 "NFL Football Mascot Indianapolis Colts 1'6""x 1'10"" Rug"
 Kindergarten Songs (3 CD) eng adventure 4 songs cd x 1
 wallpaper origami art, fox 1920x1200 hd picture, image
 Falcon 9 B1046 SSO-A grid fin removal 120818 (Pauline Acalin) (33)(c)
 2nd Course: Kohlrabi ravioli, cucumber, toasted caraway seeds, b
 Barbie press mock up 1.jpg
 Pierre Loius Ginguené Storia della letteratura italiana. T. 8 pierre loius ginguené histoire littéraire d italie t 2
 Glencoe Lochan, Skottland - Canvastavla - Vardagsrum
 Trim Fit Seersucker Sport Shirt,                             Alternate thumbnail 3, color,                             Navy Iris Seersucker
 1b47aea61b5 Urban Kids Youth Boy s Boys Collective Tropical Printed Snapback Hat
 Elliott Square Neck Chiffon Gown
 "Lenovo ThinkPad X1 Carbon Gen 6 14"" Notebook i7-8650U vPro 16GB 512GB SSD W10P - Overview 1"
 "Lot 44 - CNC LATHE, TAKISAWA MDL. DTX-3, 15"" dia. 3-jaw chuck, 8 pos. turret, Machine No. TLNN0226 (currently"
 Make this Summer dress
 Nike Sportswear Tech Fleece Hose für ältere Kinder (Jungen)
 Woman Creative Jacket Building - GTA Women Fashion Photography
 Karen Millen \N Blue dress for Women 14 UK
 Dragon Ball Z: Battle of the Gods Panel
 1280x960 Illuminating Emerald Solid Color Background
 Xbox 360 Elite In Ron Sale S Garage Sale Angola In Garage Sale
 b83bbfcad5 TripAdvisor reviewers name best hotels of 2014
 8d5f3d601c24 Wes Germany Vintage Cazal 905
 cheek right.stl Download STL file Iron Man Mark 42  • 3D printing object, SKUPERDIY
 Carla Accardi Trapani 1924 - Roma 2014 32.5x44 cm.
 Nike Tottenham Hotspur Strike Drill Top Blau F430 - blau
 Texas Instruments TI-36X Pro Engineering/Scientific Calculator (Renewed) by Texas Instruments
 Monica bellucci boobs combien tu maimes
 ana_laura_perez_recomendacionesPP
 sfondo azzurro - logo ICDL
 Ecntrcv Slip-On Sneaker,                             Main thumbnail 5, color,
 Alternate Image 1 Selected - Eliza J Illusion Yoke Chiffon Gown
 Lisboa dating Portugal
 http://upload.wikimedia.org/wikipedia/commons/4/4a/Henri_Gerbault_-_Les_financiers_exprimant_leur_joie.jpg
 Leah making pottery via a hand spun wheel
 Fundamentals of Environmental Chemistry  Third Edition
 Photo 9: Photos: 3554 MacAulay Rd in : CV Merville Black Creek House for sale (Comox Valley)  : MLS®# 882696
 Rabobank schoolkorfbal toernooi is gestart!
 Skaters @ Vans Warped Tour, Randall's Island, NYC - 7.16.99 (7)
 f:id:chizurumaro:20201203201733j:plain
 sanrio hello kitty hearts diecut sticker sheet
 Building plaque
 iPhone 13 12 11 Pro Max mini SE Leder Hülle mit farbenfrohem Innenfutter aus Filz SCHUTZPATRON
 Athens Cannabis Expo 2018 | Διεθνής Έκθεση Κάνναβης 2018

**Exercise goal**
Copy out all the records exactly.

**Solution to this exercise**
 "NFL Football Mascot Indianapolis Colts 1'6""x 1'10"" Rug"
 Kindergarten Songs (3 CD) eng adventure 4 songs cd x 1
 wallpaper origami art, fox 1920x1200 hd picture, image
 Falcon 9 B1046 SSO-A grid fin removal 120818 (Pauline Acalin) (33)(c)
 2nd Course: Kohlrabi ravioli, cucumber, toasted caraway seeds, b
 Barbie press mock up 1.jpg
 Pierre Loius Ginguené Storia della letteratura italiana. T. 8 pierre loius ginguené histoire littéraire d italie t 2
 Glencoe Lochan, Skottland - Canvastavla - Vardagsrum
 Trim Fit Seersucker Sport Shirt,                             Alternate thumbnail 3, color,                             Navy Iris Seersucker
 1b47aea61b5 Urban Kids Youth Boy s Boys Collective Tropical Printed Snapback Hat
 Elliott Square Neck Chiffon Gown
 "Lenovo ThinkPad X1 Carbon Gen 6 14"" Notebook i7-8650U vPro 16GB 512GB SSD W10P - Overview 1"
 "Lot 44 - CNC LATHE, TAKISAWA MDL. DTX-3, 15"" dia. 3-jaw chuck, 8 pos. turret, Machine No. TLNN0226 (currently"
 Make this Summer dress
 Nike Sportswear Tech Fleece Hose für ältere Kinder (Jungen)
 Woman Creative Jacket Building - GTA Women Fashion Photography
 Karen Millen \N Blue dress for Women 14 UK
 Dragon Ball Z: Battle of the Gods Panel
 1280x960 Illuminating Emerald Solid Color Background
 Xbox 360 Elite In Ron Sale S Garage Sale Angola In Garage Sale
 b83bbfcad5 TripAdvisor reviewers name best hotels of 2014
 8d5f3d601c24 Wes Germany Vintage Cazal 905
 cheek right.stl Download STL file Iron Man Mark 42  • 3D printing object, SKUPERDIY
 Carla Accardi Trapani 1924 - Roma 2014 32.5x44 cm.
 Nike Tottenham Hotspur Strike Drill Top Blau F430 - blau
 Texas Instruments TI-36X Pro Engineering/Scientific Calculator (Renewed) by Texas Instruments
 Monica bellucci boobs combien tu maimes
 ana_laura_perez_recomendacionesPP
 sfondo azzurro - logo ICDL
 Ecntrcv Slip-On Sneaker,                             Main thumbnail 5, color,
 Alternate Image 1 Selected - Eliza J Illusion Yoke Chiffon Gown
 Lisboa dating Portugal
 http://upload.wikimedia.org/wikipedia/commons/4/4a/Henri_Gerbault_-_Les_financiers_exprimant_leur_joie.jpg
 Leah making pottery via a hand spun wheel
 Fundamentals of Environmental Chemistry  Third Edition
 Photo 9: Photos: 3554 MacAulay Rd in : CV Merville Black Creek House for sale (Comox Valley)  : MLS®# 882696
 Rabobank schoolkorfbal toernooi is gestart!
 Skaters @ Vans Warped Tour, Randall's Island, NYC - 7.16.99 (7)
 f:id:chizurumaro:20201203201733j:plain
 sanrio hello kitty hearts diecut sticker sheet
 Building plaque
 iPhone 13 12 11 Pro Max mini SE Leder Hülle mit farbenfrohem Innenfutter aus Filz SCHUTZPATRON
 Athens Cannabis Expo 2018 | Διεθνής Έκθεση Κάνναβης 2018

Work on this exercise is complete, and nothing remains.